Safety and Efficacy of Intravenous Tranexamic Acid in Endoscopic Transurethral Resections in Urology
Status:
Completed
Trial end date:
2016-07-01
Target enrollment:
Participant gender:
Summary
Transurethral resection of the prostate (TURP) represents the gold standard in the operative
management of benign prostatic hyperplasia (BPH) and the transurethral resection of bladder
tumor (TURBT) is the first-line surgical treatment for bladder tumors. One of the most
important complications of urological endoscopic resections is intraoperative and
postoperative bleeding requiring blood transfusion. Allogeneic blood transfusion is not free
of risks, like infection transmission, hemolytic reactions, transfusion-related lung injury,
fluid overload, increased costs and hospital length of stay.

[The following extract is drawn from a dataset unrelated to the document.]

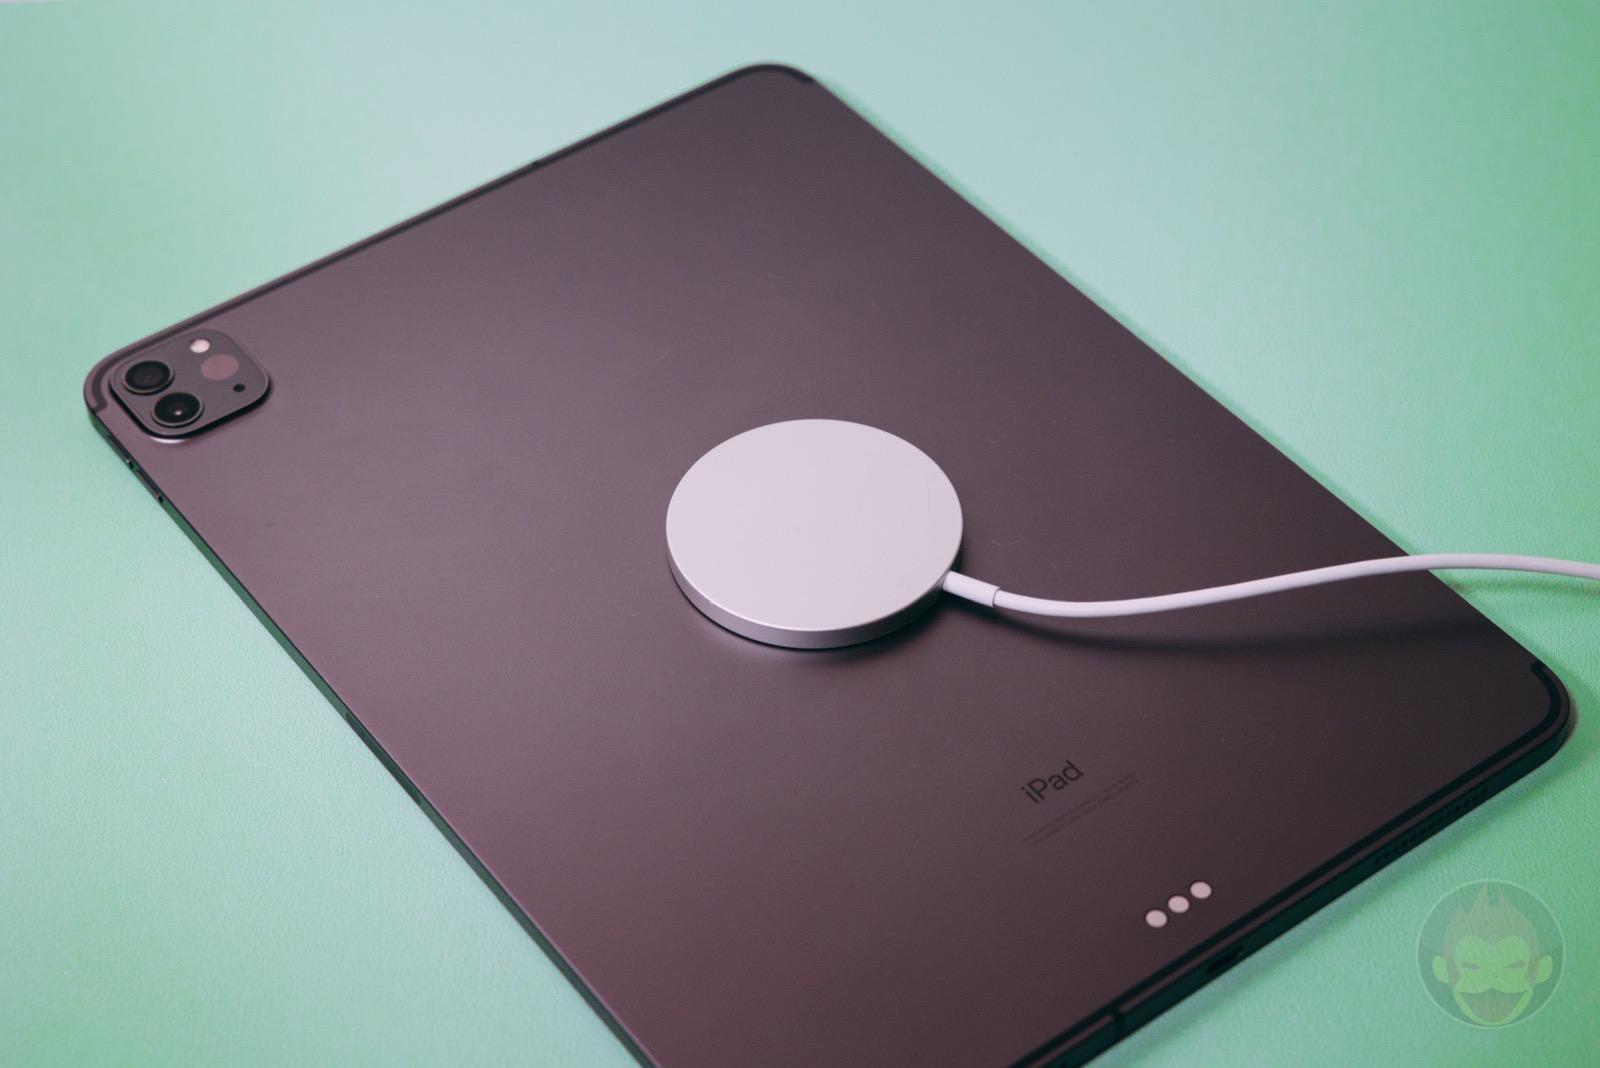 ipad-pro-and-wireless-charging-01.jpg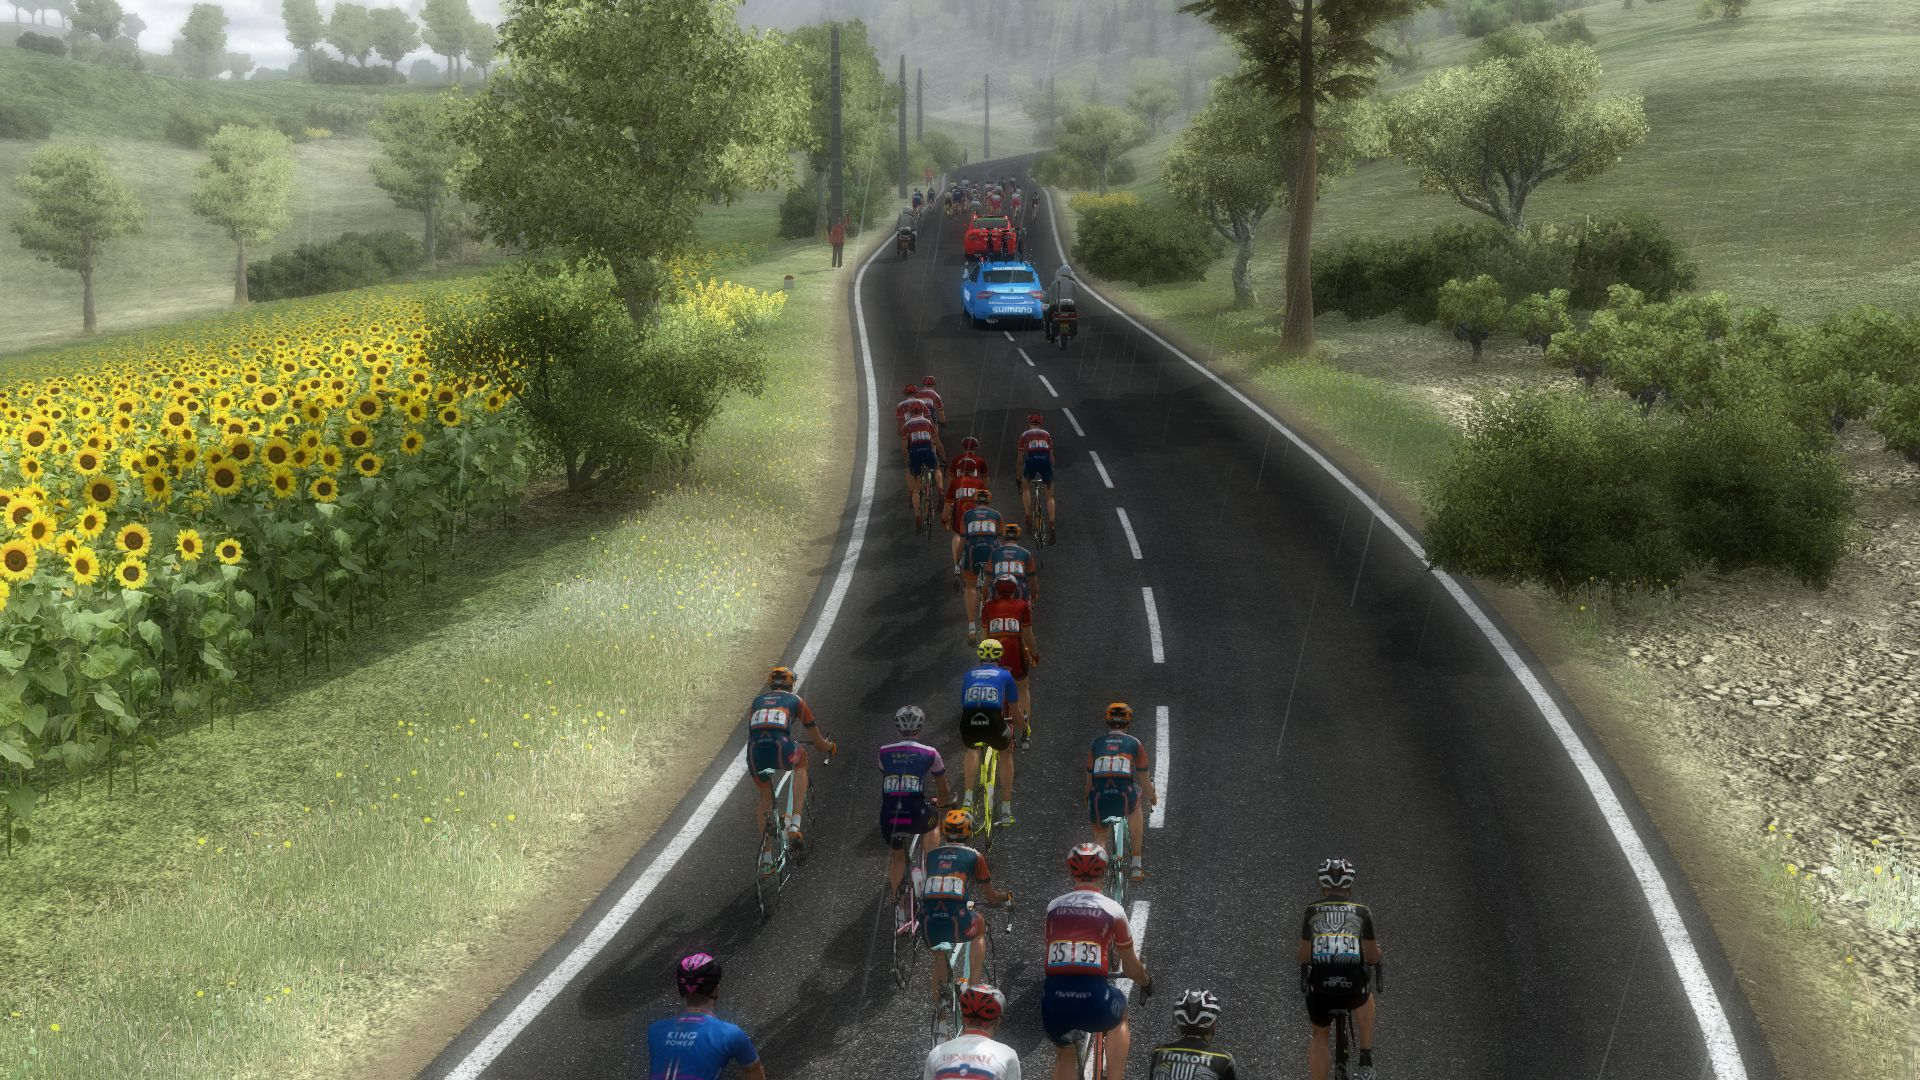 pcmdaily.com/images/mg/2020/Reports/GTM/Giro/S08/mg20_giro_s08_39.jpg

Tranexamic acid (TXA) is a synthetic analog of serin than reversibly inhibits fibrinolysis by
blocking lysine union sites in the plasmin and plasminogen activator molecules. TXA has been
used to reduce blood loss and the need for allogeneic blood transfusion in cardiac surgery
and orthopedic surgical procedures but few studies have assessed the efficacy of this
antifibrinolytic agent in urological endoscopic procedures.
The investigators designed this double-blind, placebo controlled study evaluate the safety
and efficacy of the antifibrinolytic agent tranexamic acid in reducing blood transfusion in
patients undergoing endoscopic surgery in urology.